Novo Nordisk said it’s open to discussions with PBMs based on their commitments that a lower semgalutide list price would not impact formulary coverage.
This story first appeared on Drug Topics.
Novo Nordisk President and CEO Lars Fruergaard Jørgensen stepped into the hot seat during a September 24 hearing of the U.S. Senate Committee on Health, Education, Labor, and Pensions. Over nearly two and a half hours, the committee, chaired by Senator Bernie Sanders (I, Vt.), questioned Jørgensen on topics ranging from the impact of high drug prices to the role of pharmacy benefit managers (PBMs) in the pricing of Novo Nordisk’s blockbuster glucagon-like peptide-1 (GLP-1) receptor agonist semgalutide (Ozempic, Wegovy).
During his opening statement, Sanders acknowledged that by pricing semaglutide at $969 and $1,349 for Ozempic and Wegovy, respectively, Novo Nordisk is neither acting illegally or in violation of any laws.
“What they are doing is perfectly lawful,” he said. “They are simply taking advantage of the fact that, until very recently, the United States has been the only major country not to negotiate the cost of prescription drugs.”1
Put another way, Sanders continued, “Novo Nordisk and other drug companies can charge us exactly as much as the market will bear — and that is exactly what they are doing.”
There are no doubts that the U.S. healthcare system is opaque and complex, and — as many committee members acknowledged — pharmaceutical manufacturers are not the only piece in the drug pricing puzzle. But, Sanders said, “Prescription drugs in this country must be affordable, and we must not be forced to pay far higher prices than people in other countries pay for the exact same product.”
Read on for the top five takeaways from the testimony.
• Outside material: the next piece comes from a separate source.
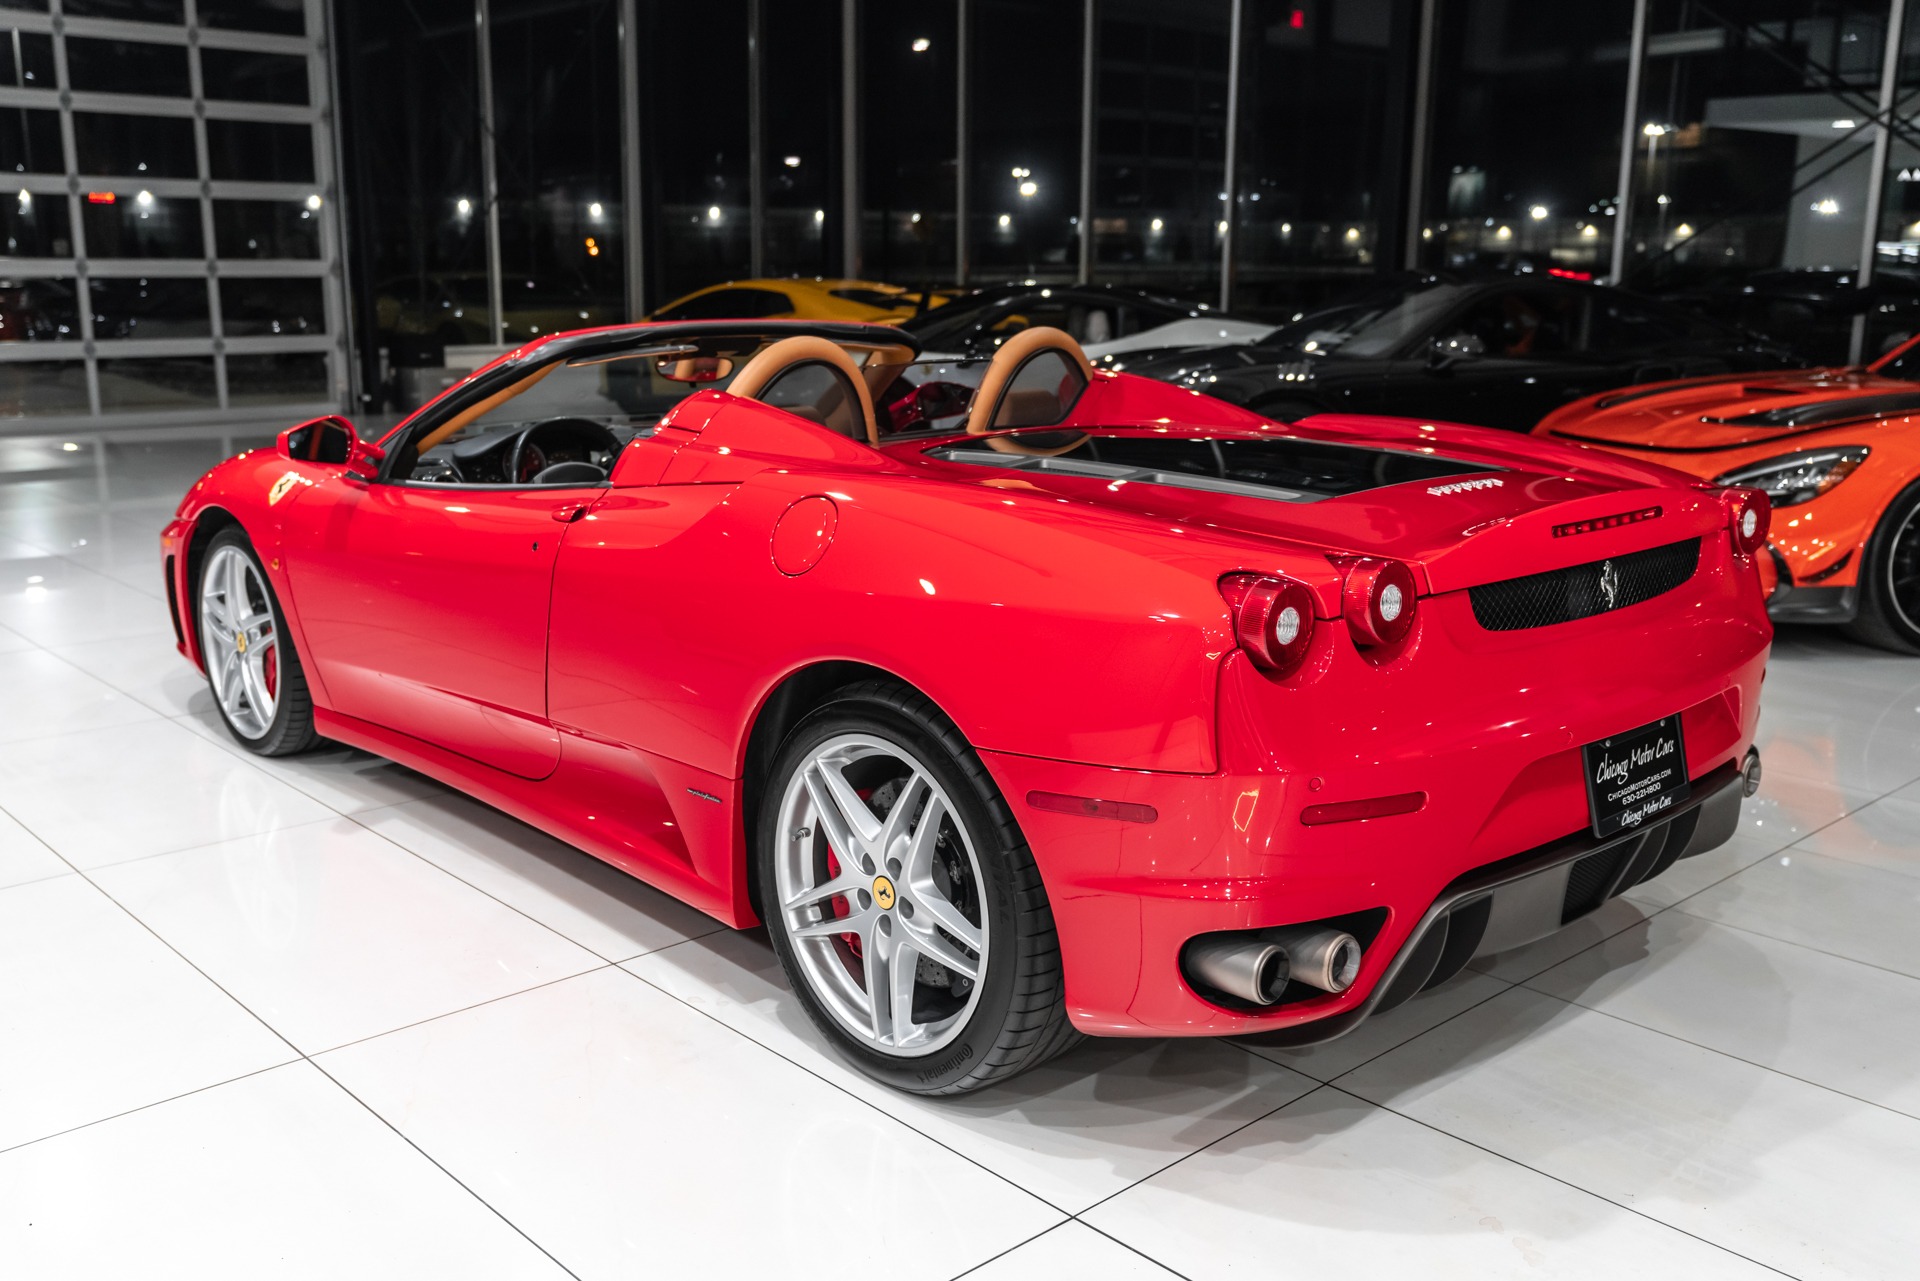 Used-2007-Ferrari-F430-Spider-Gated-6-Speed-Manual-Conversion-Done-by-EAG-Just-Serviced

The price disparities between the United States and other countries for both Ozempic and Wegovy are stark. With a price of $969, Ozempic costs more than nine times in the US what it does in Germany, where it retails for $59. Wegovy, priced at $1,349, is more than 4.5 times more expensive in the United States than it is in Denmark, where it is available for just $186.
Concerns about the impact of high drug prices in the United States aren’t just economic, they’re moral as well. The high prices of life-saving medications, especially those for chronic conditions, are leading to preventable deaths and creating a significant financial burden on the U.S. healthcare system. Sanders cited two studies from Yale University researchers. In the first study, epidemiologist Alison Galvani, Ph.D., found that more than 40,000 lives per year could be saved if Wegovy was available at an affordable price.2 In the second, Melissa Barber, a healthcare economist at Yale University found that Ozempic can be manufactured profitably for less than $5 a month.3
Jørgensen and Novo Nordisk are willing to collaborate with the Committee and PBMs to find pricing solutions. When pressed by several committee members, including Sanders and Maggie Hassan (D., N.H.), Jørgensen agreed that he would be open to discussions with PBMs based on their commitments that a lower semgalutide list price would not impact formulary coverage.
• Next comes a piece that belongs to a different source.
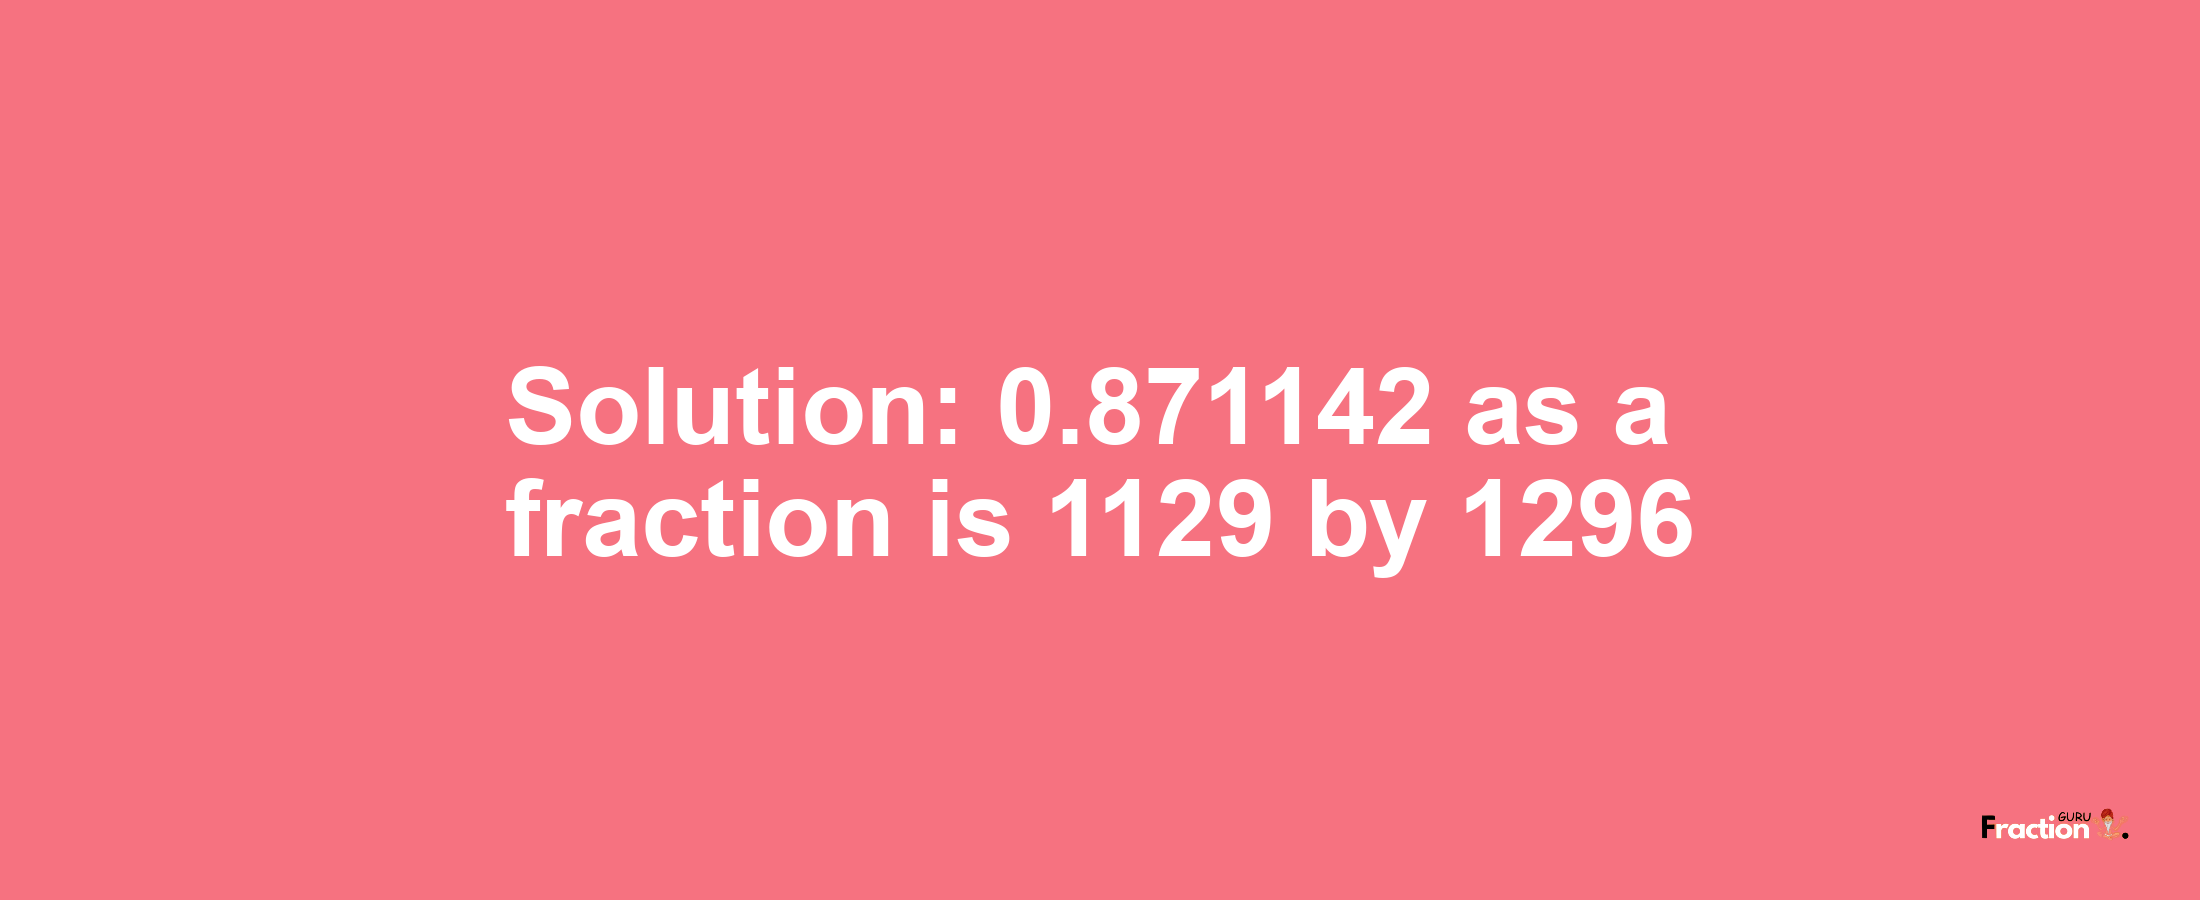 Solution:0.871142 as a fraction is 1129/1296

Scrutiny into PBM practices must continue. Across the bipartisan committee, all senators agreed that PBM practices play a significant role in the drug pricing problem. In addition to Sanders, Senators Tim Kaine (D., Va.), Mike Braun (R., Ind.), and Roger Marshall, M.D., (R., Kan.) heavily criticized PBMs, with Marshall emphasizing that “Novo Nordisk is not the villain in this story; they’re a hero. We should be here celebrating this miracle innovation.”
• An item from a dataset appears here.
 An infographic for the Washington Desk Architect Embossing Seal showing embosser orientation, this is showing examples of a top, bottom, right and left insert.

Drug pricing must be addressed, but solutions need to balance affordability with research and development (R&D) incentives. Senators Marshall, Mitt Romney (R., Utah), and Ranking Member Bill Cassidy, M.D., (R., La.) all raised concerns that if profit incentives weren’t preserved, pharmaceutical companies would lose their incentives to develop new treatments. But as pricing currently stands, the United States bears a disproportionate burden when it comes to paying for R&D that benefits individuals on a global level.